- Problem details:
The full listing, copied exactly and free of pictures, is the expected reply.

- Given data:
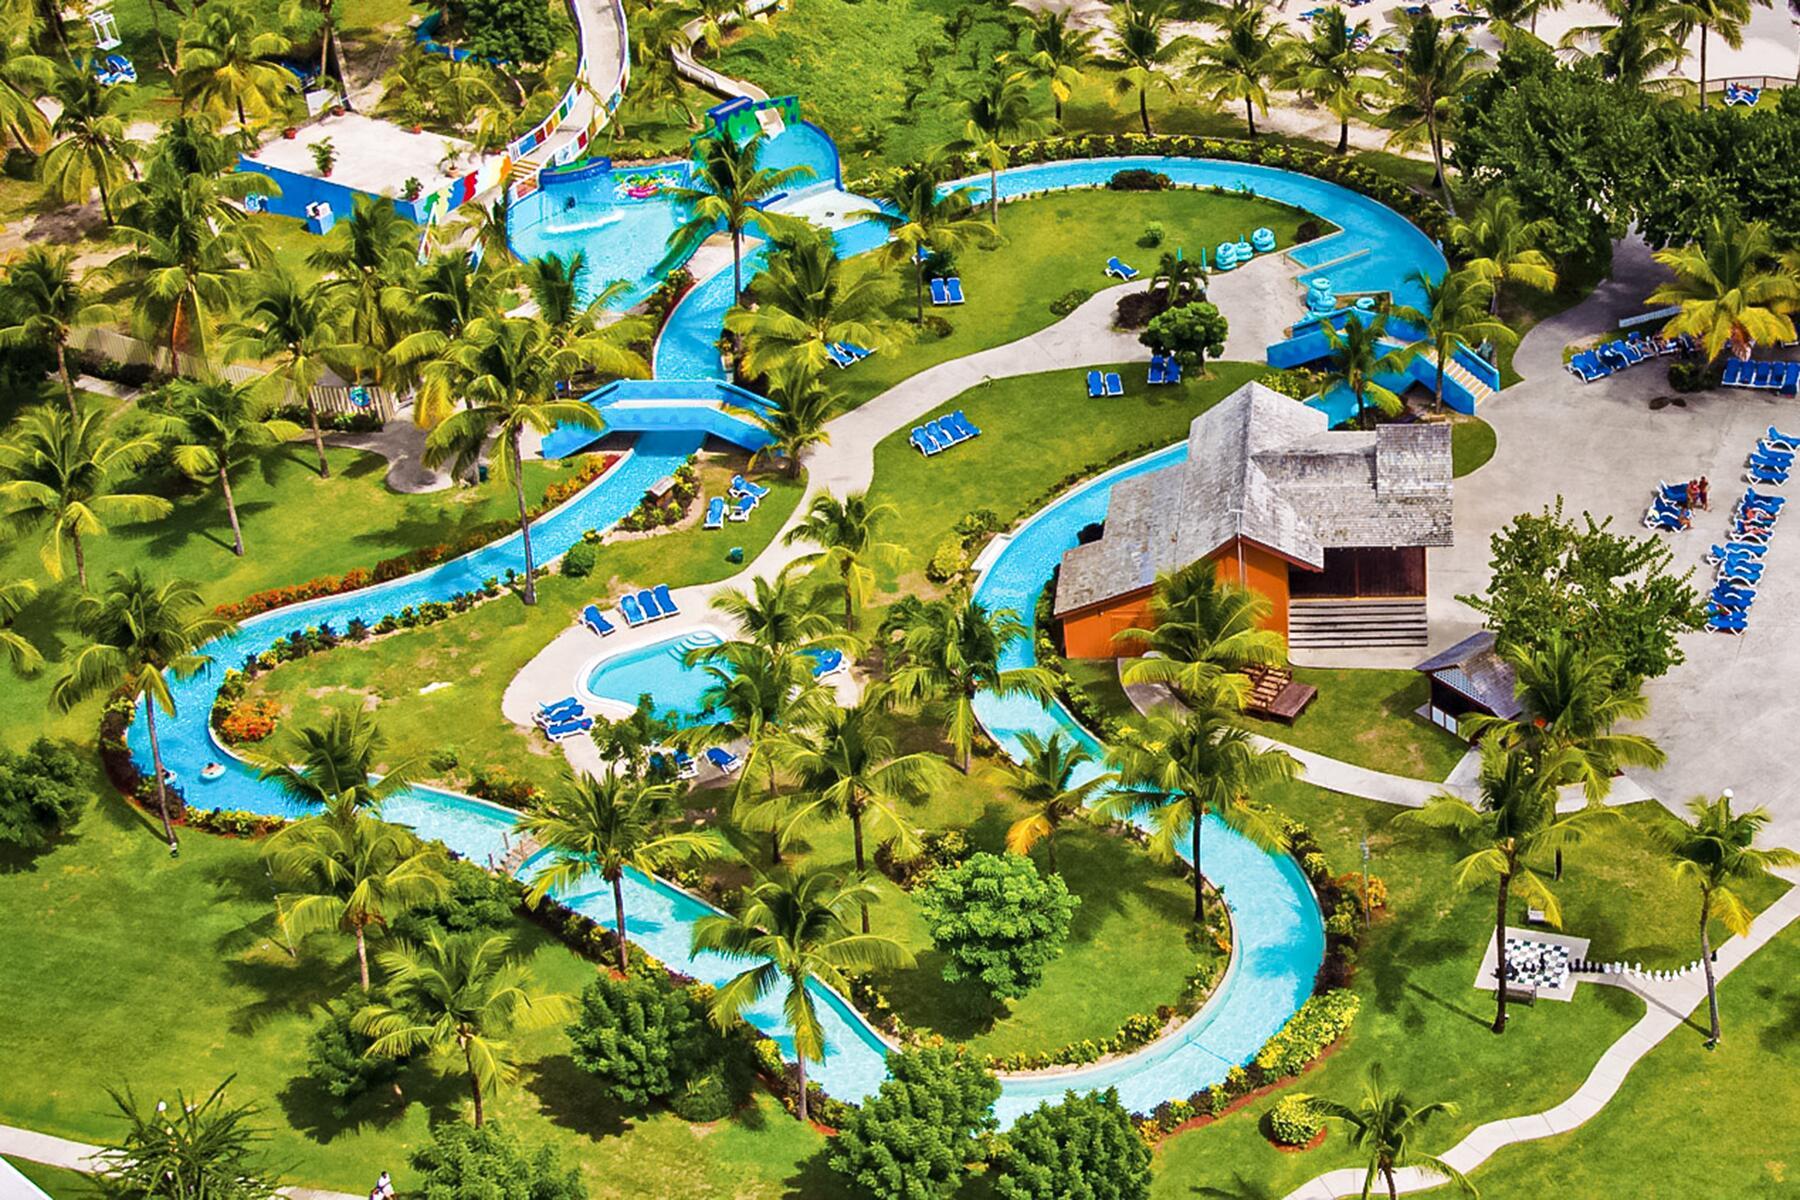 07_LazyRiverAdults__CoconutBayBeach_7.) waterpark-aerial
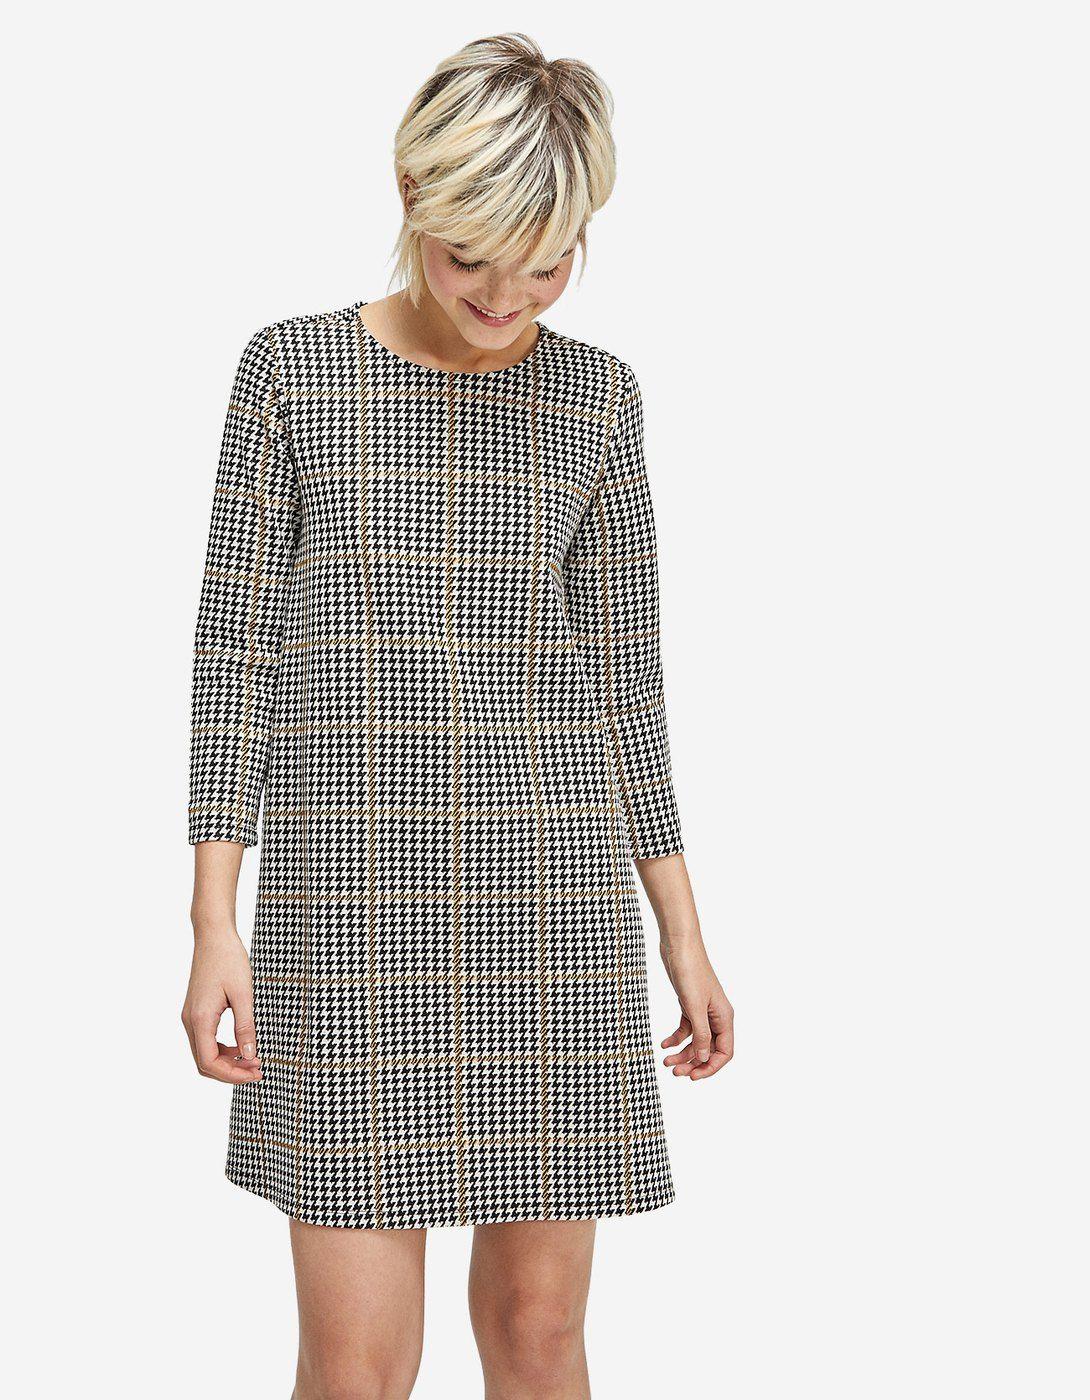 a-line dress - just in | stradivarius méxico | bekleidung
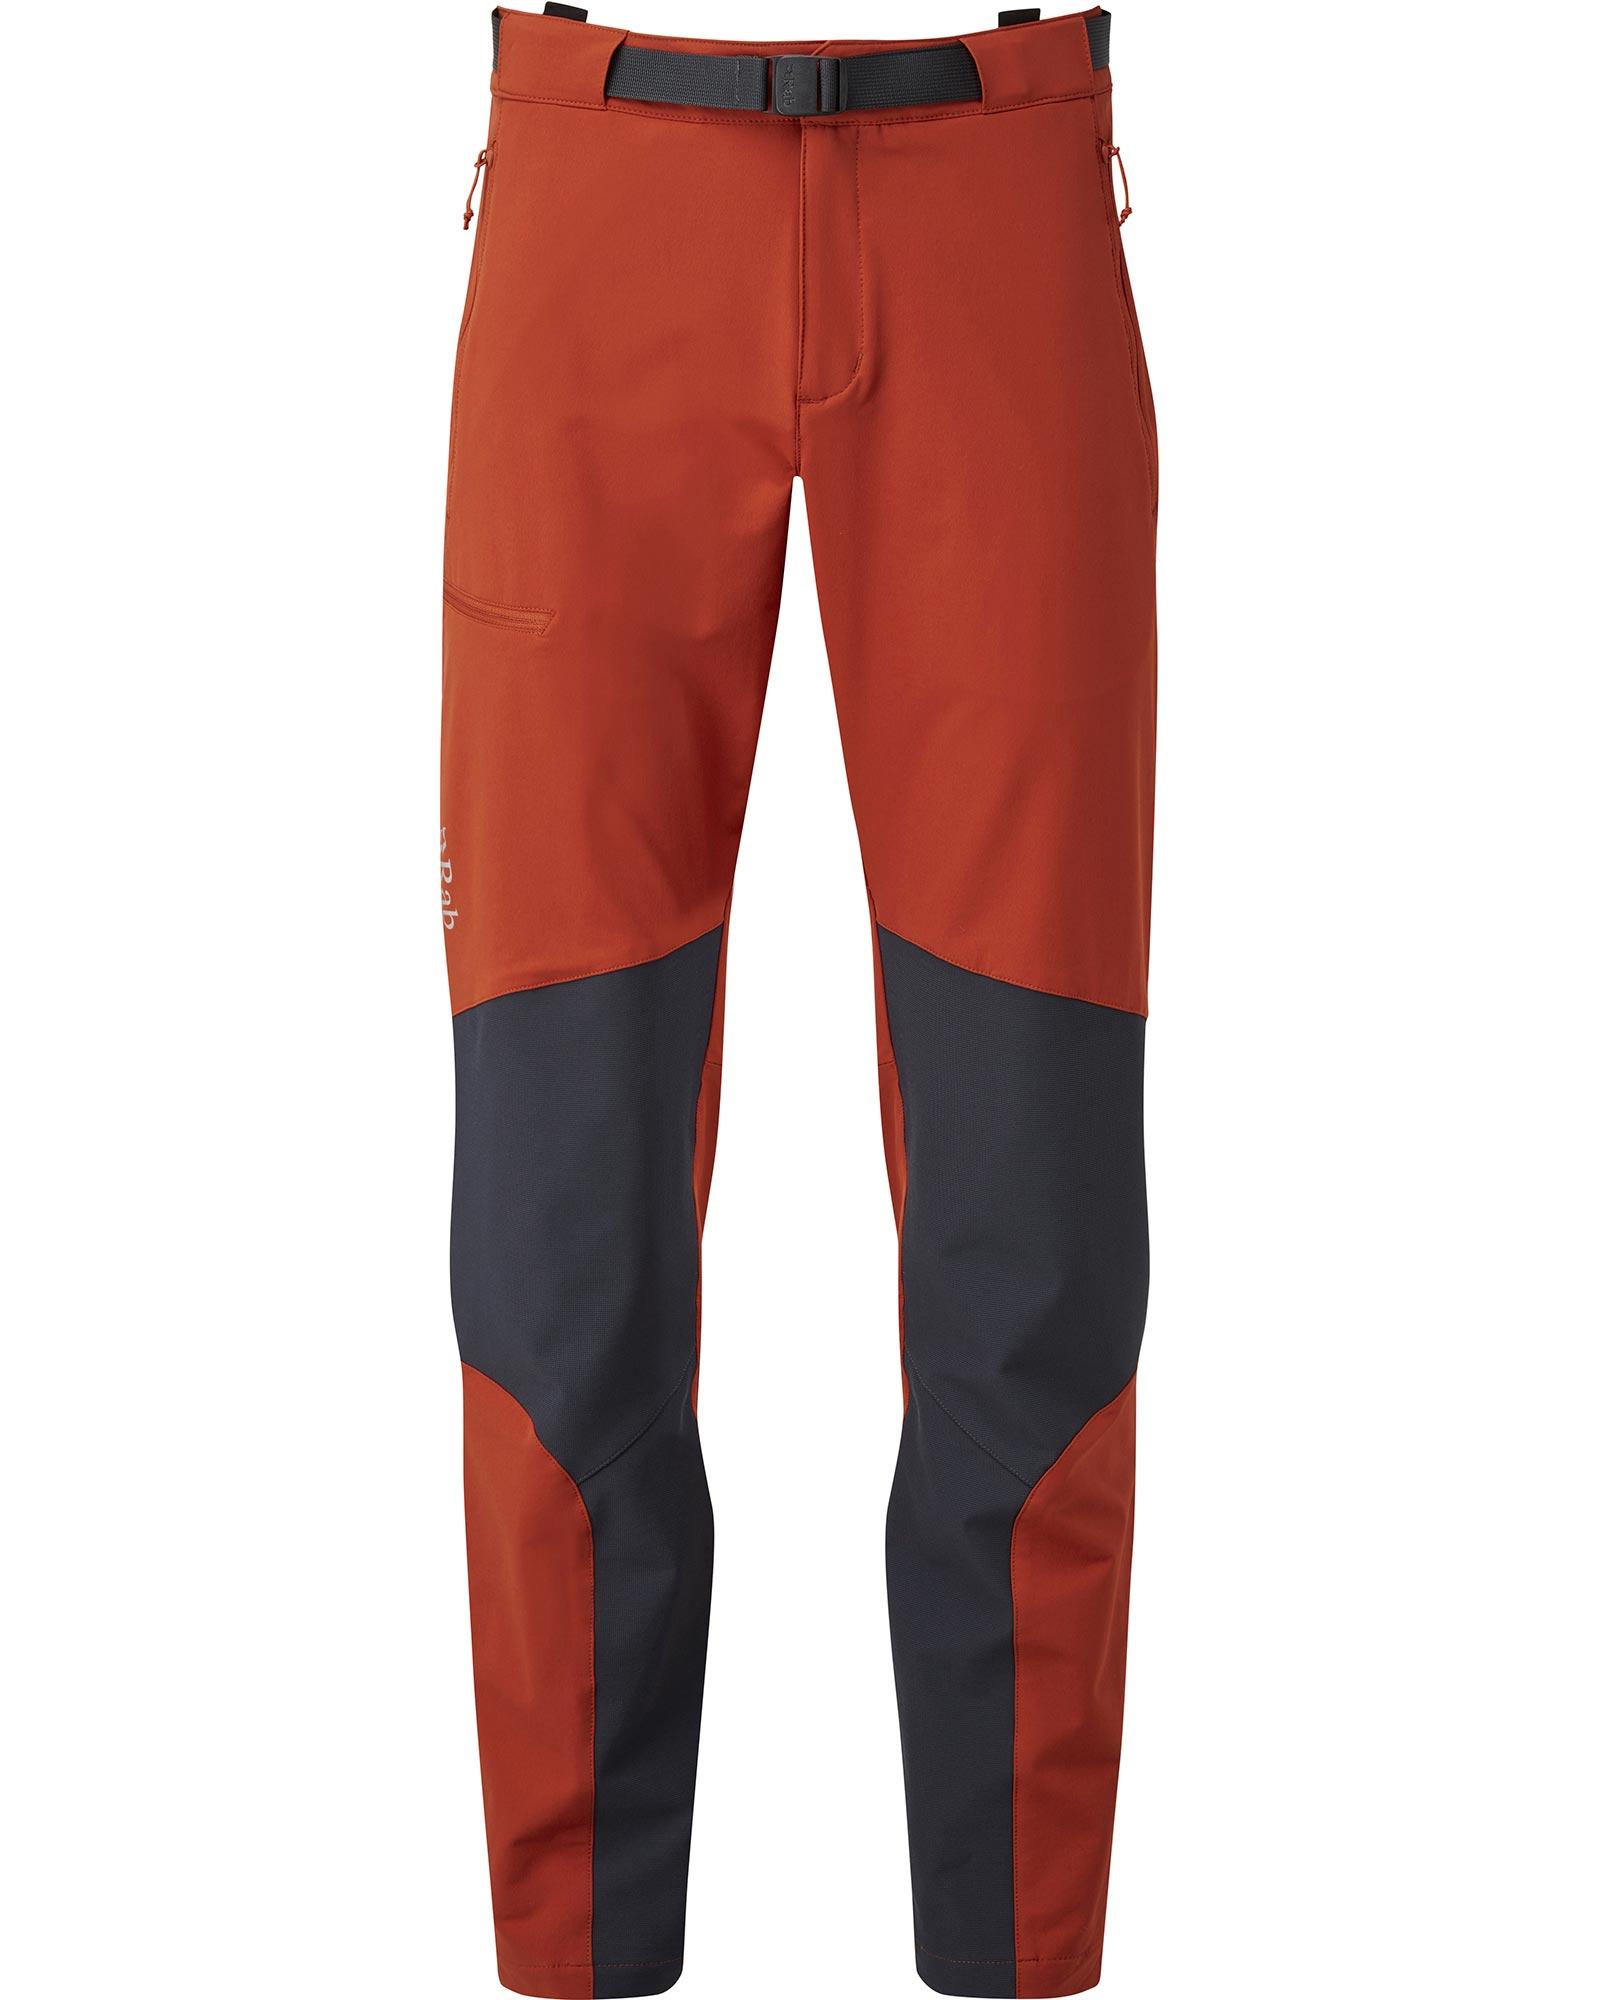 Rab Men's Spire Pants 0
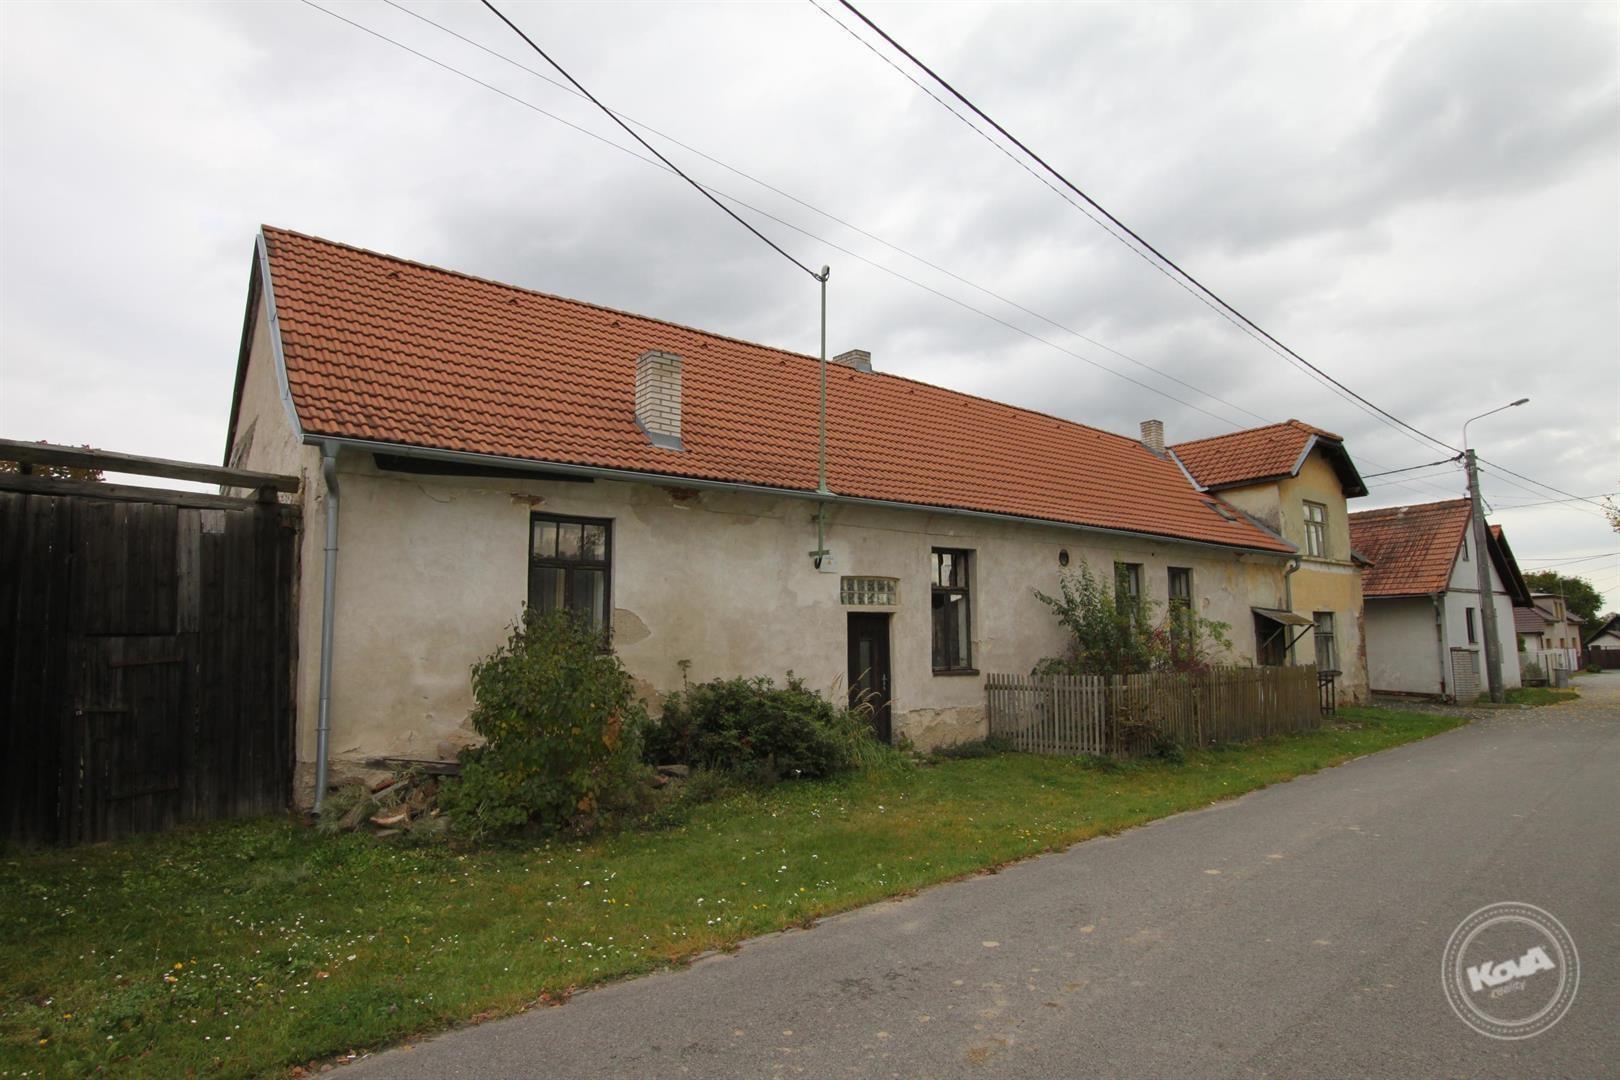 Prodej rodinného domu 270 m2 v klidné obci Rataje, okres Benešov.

- Task output:
 07_LazyRiverAdults__CoconutBayBeach_7.) waterpark-aerial
 a-line dress - just in | stradivarius méxico | bekleidung
 Rab Men's Spire Pants 0
 Prodej rodinného domu 270 m2 v klidné obci Rataje, okres Benešov.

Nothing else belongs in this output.